OBJECTIVE: Chronic beta-adrenoceptor antagonist (beta-blocker) treatment reduces the incidence of reversion to AF in patients, possibly via an adaptive myocardial response. However, the underlying electrophysiological mechanisms are presently unclear. We aimed to investigate electrophysiological changes in human atrial cells associated with chronic treatment with beta-blockers and other cardiovascular-acting drugs. METHODS: Myocytes were isolated enzymatically from the right atrial appendage of 40 consenting patients who were in sinus rhythm. The cellular action potential duration (APD), effective refractory period (ERP), L-type Ca(2+) current (I(CaL)), transient (I(TO)) and sustained (I(KSUS)) outward K(+) currents, and input resistance (R(i)) were recorded using the whole cell patch clamp. Drug treatments and clinical characteristics were compared with electrophysiological measurements using simple and multiple regression analyses. P<0.05 was taken as statistically significant. RESULTS: In atrial cells from patients treated chronically with beta-blockers, the APD(90) and ERP (75 beats/min stimulation) were significantly longer, at 213+/-11 and 233+/-11 ms, respectively (n=15 patients), than in cells from non-beta-blocked patients, at 176+/-12 and 184+/-12 ms (n=11). These cells also displayed a significantly reduced action potential phase 1 velocity (22+/-3 vs. 34+/-3 V/s). Chronic beta-blockade was also associated with a significant reduction in the heart rate (58+/-3 vs. 69+/-5 beats/min) and in the density of I(TO) (8.7+/-1.3 vs. 13.7+/-2.1 pA/pF), an increase in the R(i) (214+/-24 vs. 132+/-14 MOmega), but no significant change in I(CaL) or I(KSUS). The I(TO) blocker 4-aminopyridine largely mimicked the changes in phase 1 and ERP associated with chronic beta-blockade, in cells from non-beta-blocked patients.
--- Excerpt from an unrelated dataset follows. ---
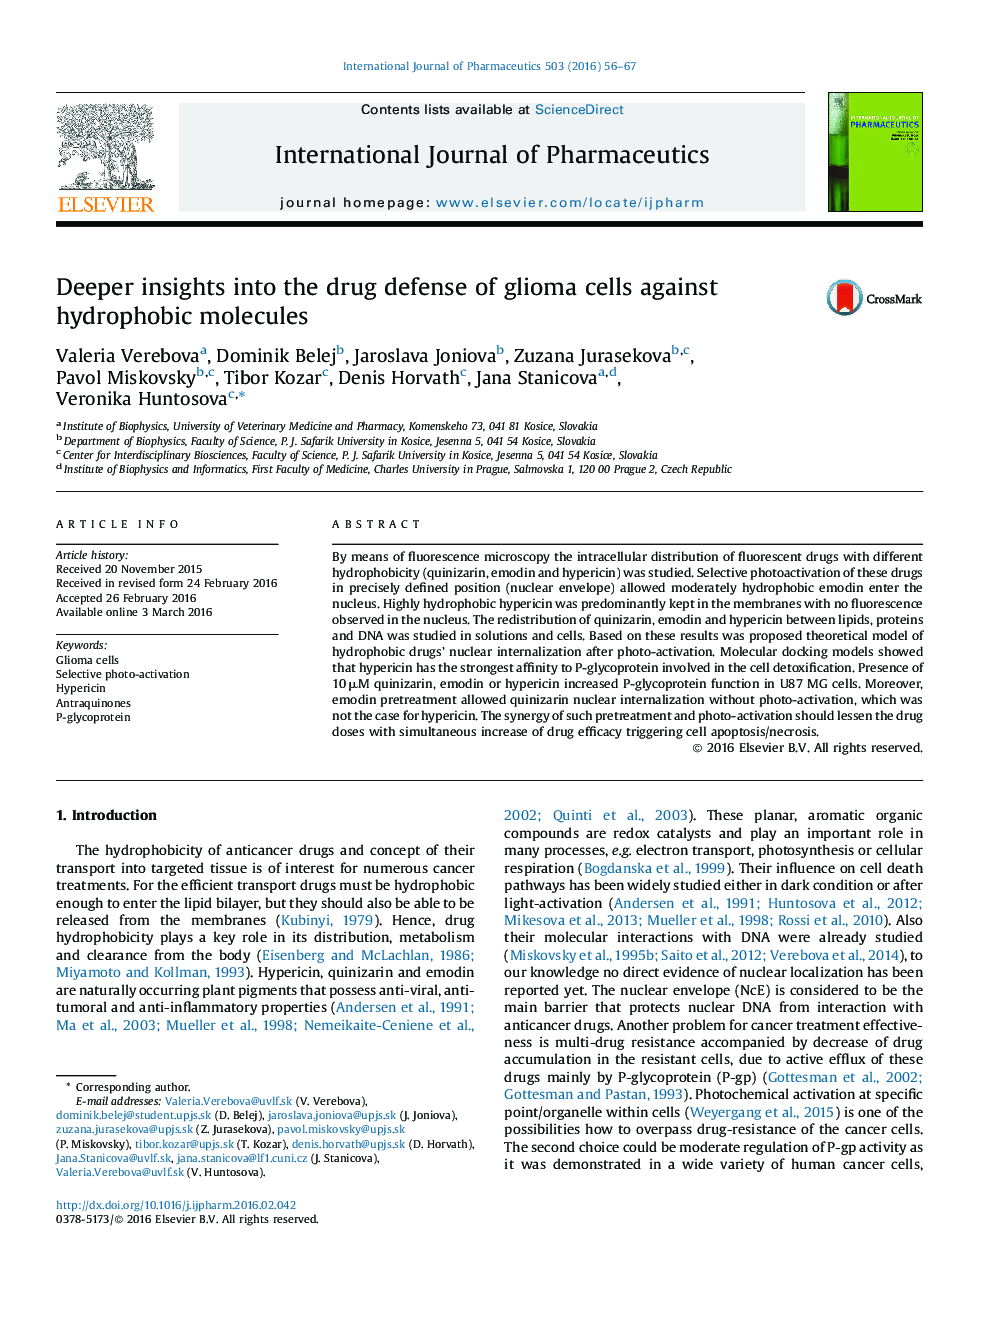 بینش عمیق تر در مورد دفاع از مواد مخدر از سلول های گلیوما در برابر مولکول های هیدروفوب

Chronic treatment of patients with calcium channel blockers or angiotensin converting enzyme inhibitors (n=11-13 patients) was not associated with any significant changes in atrial cell electrophysiology. CONCLUSION: The observed atrial cellular electrophysiological changes associated with chronic beta-blockade are consistent with a long-term adaptive response, a type of 'pharmacological remodelling', and provide mechanistic evidence supportive of the anti-arrhythmic actions of beta-blockade.